March 1st is National Fruit Compote Day.
Compote, French for “mixture”, has been around since the 17th-century. Created in France, this simple dessert is whole or chopped pieces of fruit cooked in a sugar syrup. The syrup is often flavored with vanilla, citrus peel, or spices. Candied fruit and raisins might also be added. Compote may be served warm or cold.
The French invented compote believing it would balance the effects of humidity on the body. It not very humid in most parts of the US in March, but warm apple compote is a wonderful winter treat.
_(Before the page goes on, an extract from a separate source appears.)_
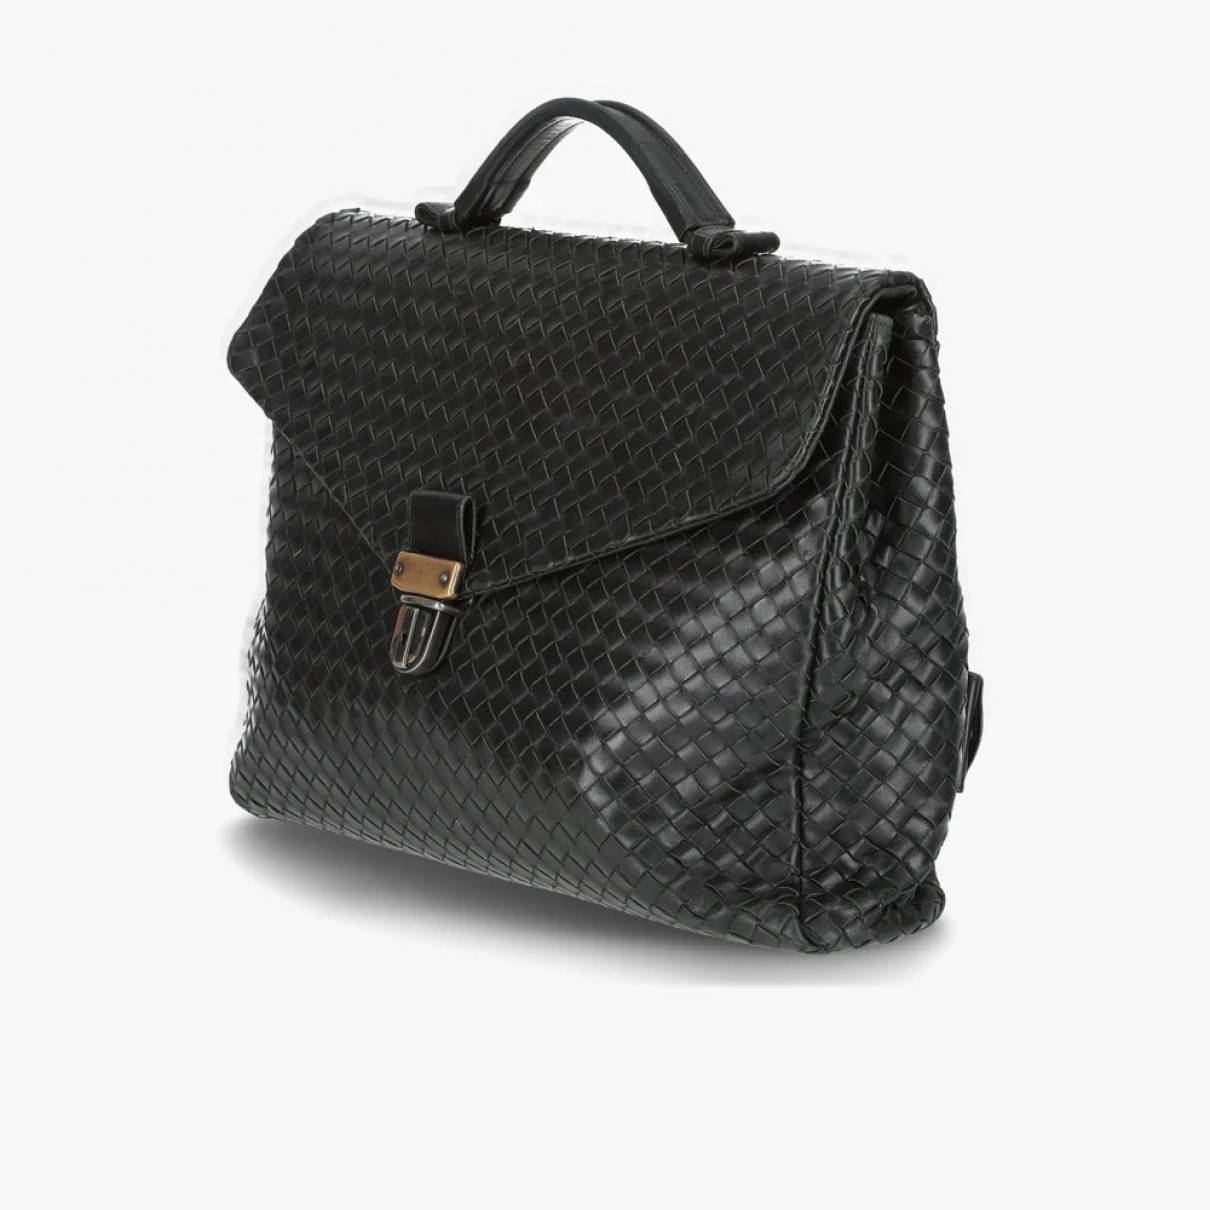 Buy Bottega Veneta City Veneta leather handbag online
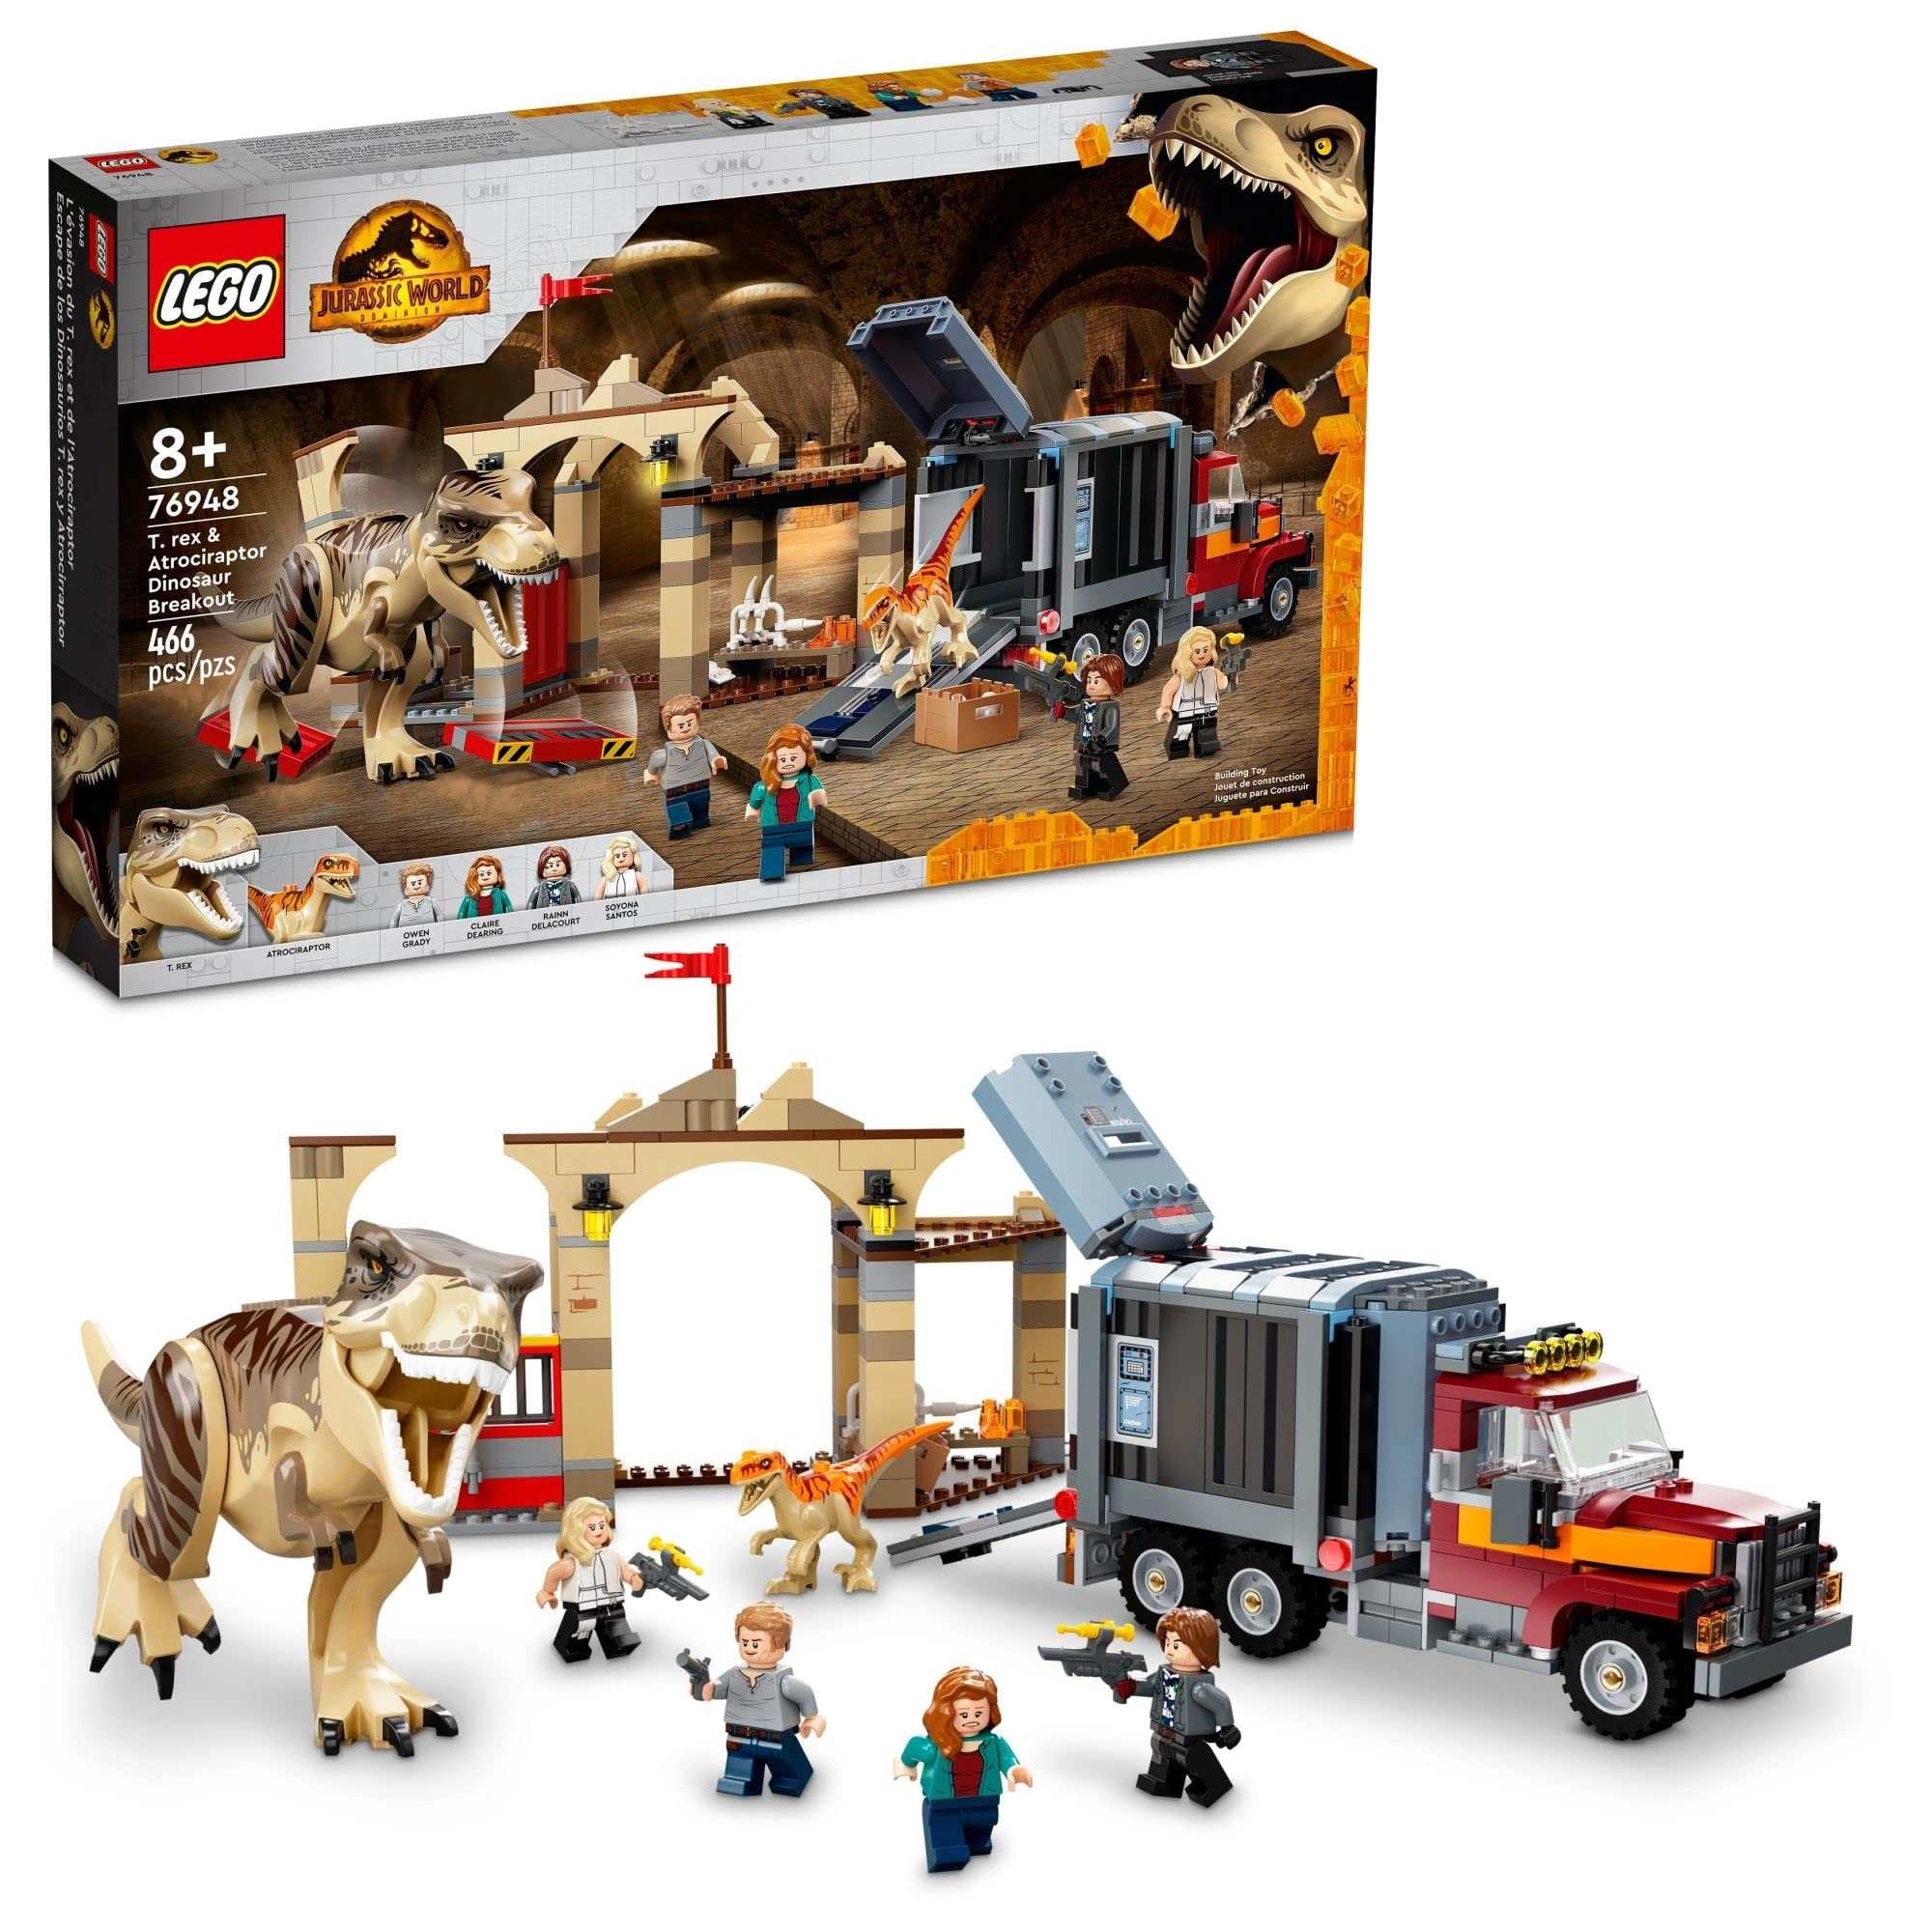 LEGO T. rex & Atrociraptor Dinosaur Breakout

Use green apples or any tart apple. A mix of apples is best.
2 cups water
1/3 cup pack brown sugar
1/2 teaspoon ground cinnamon
1/8 teaspoon ground nutmeg
pinch of salt
8 large apples, peeled, cored, and cubed
1 teaspoon vanilla extract
1 teaspoon rum extract
Combine the water, sugar, cinnamon, nutmeg, and salt in a pot. Bring to a boil. Boil gently until the sugar is dissolved and mixture thickens slightly, about 5 minutes. Add the apples and return to a boil. Lower the heat and simmer, stirring occasionally, until the apples are tender and the mixture thickens, about 15 minutes. Remove from the heat and stir in vanilla and rum extract. Let cool. It will thicken more as it cools.
Serve on breakfast biscuits, toast, pancakes or stuffed in a crepe or as a topping on pound cake or ice creams.